■ About this exercise
Below are lines of records; copy exactly those from the one containing "Pink Mandy Elbow" through the one containing "Front cover art", leaving the pictures behind.

■ Supplied data
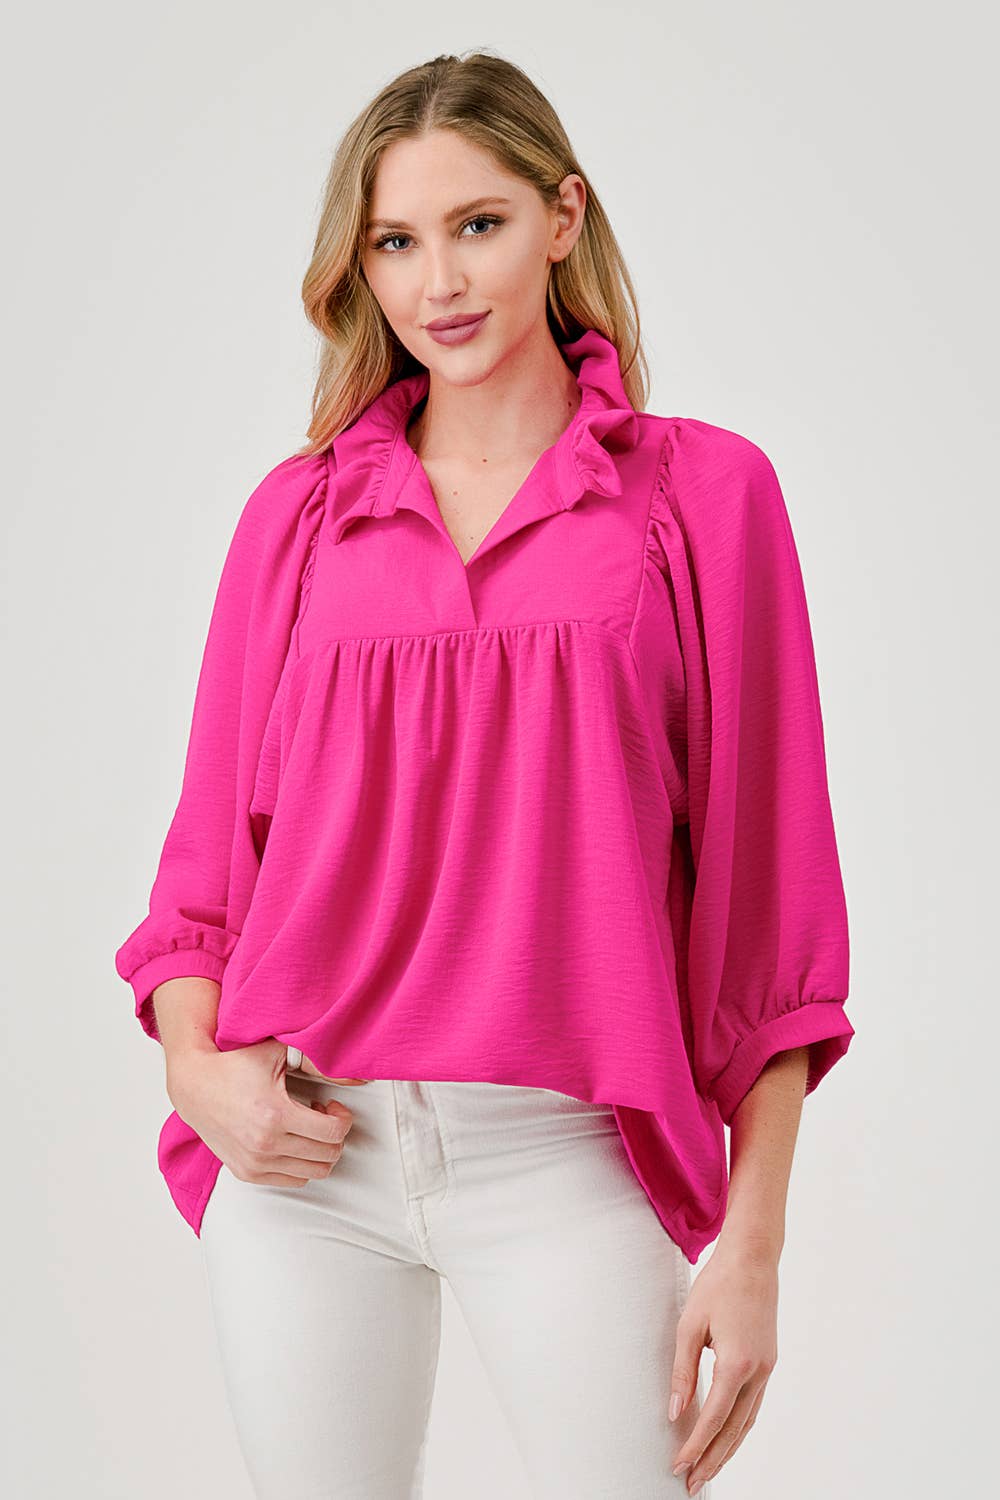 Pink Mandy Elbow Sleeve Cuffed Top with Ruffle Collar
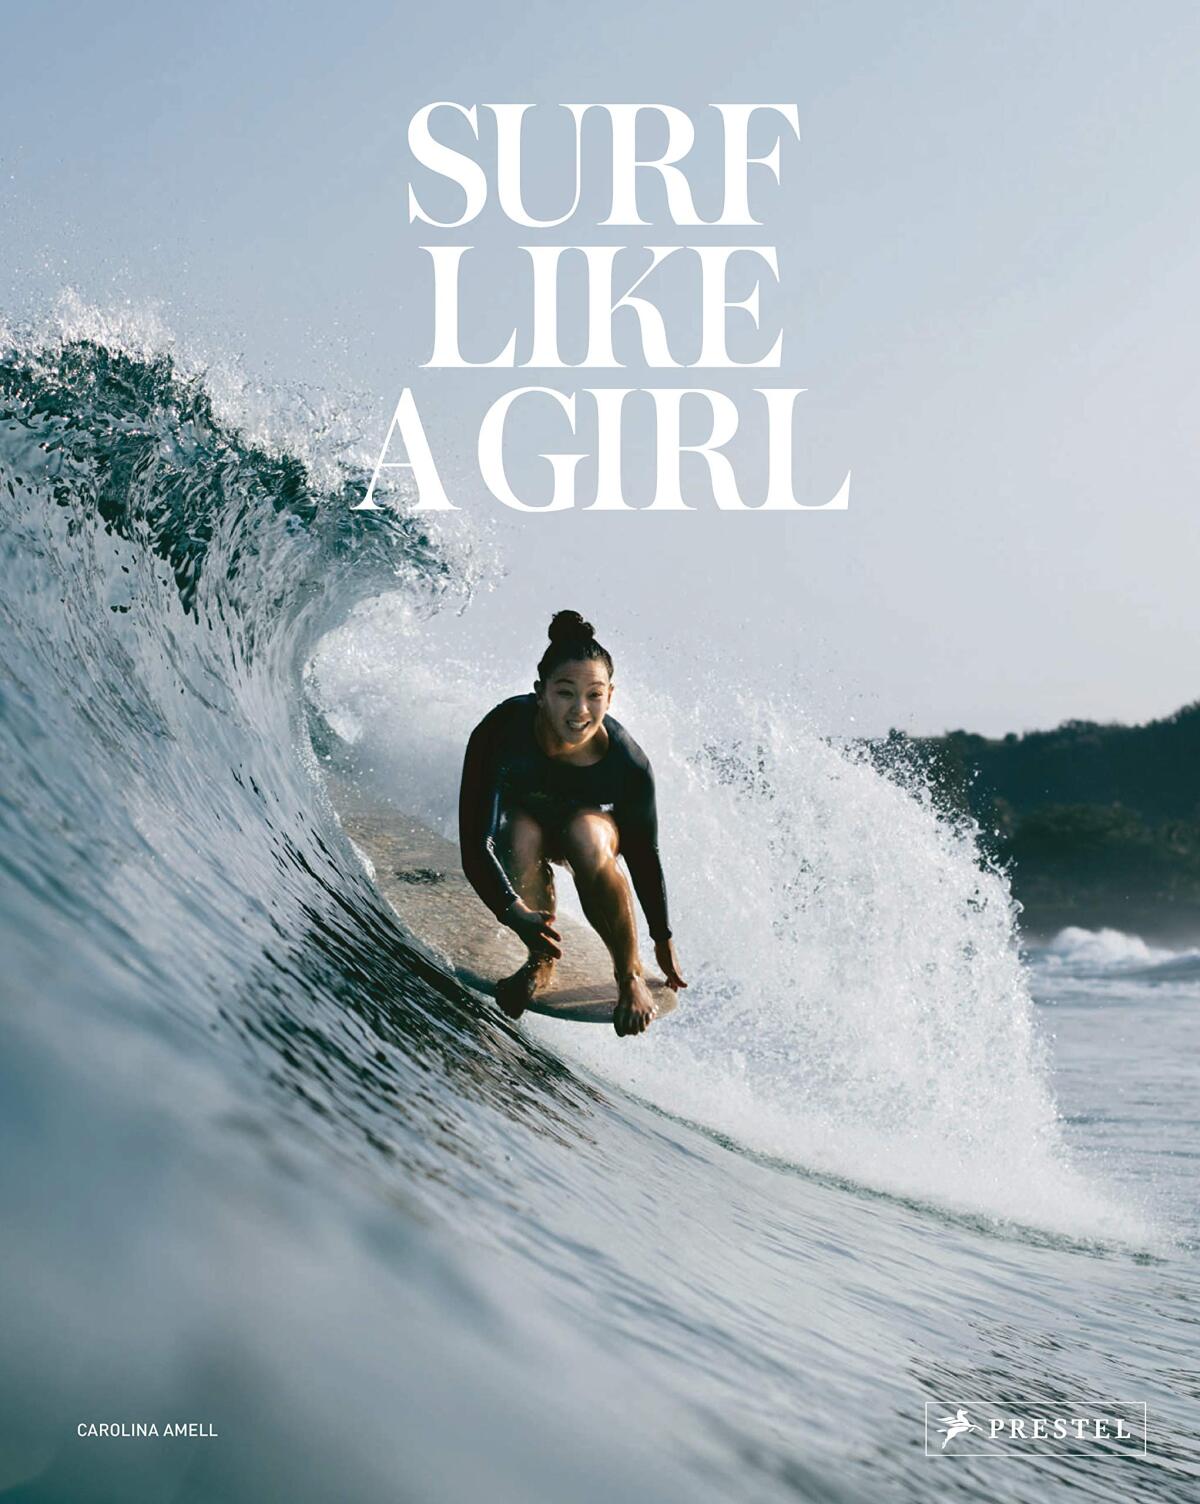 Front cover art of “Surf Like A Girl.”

==

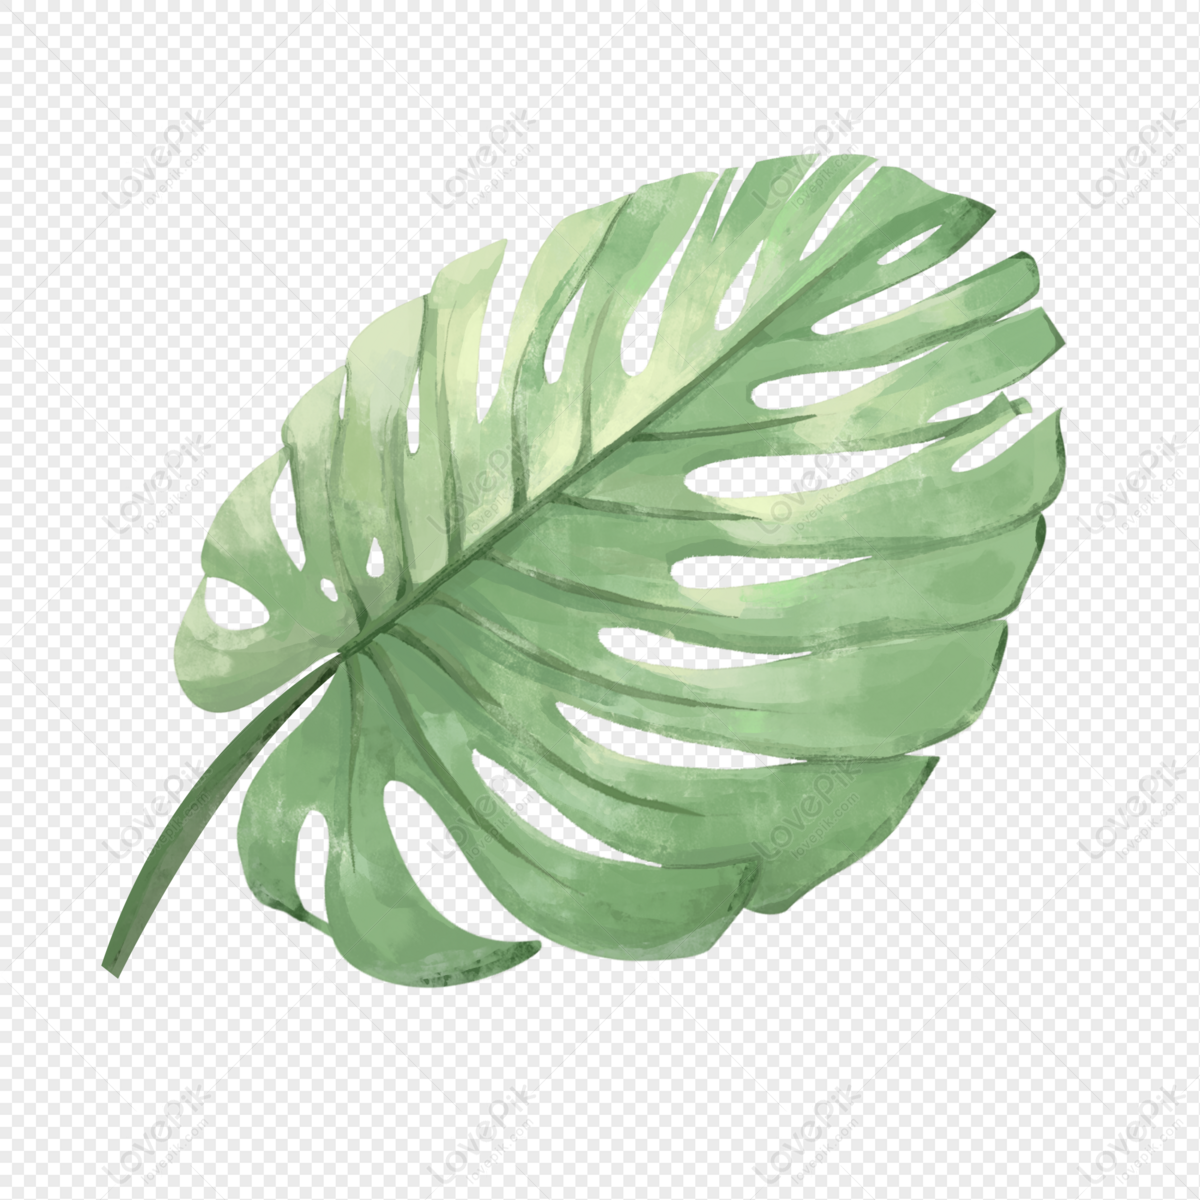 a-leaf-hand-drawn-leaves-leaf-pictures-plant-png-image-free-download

■ Answer for the task
 Pink Mandy Elbow Sleeve Cuffed Top with Ruffle Collar
 Front cover art of “Surf Like A Girl.”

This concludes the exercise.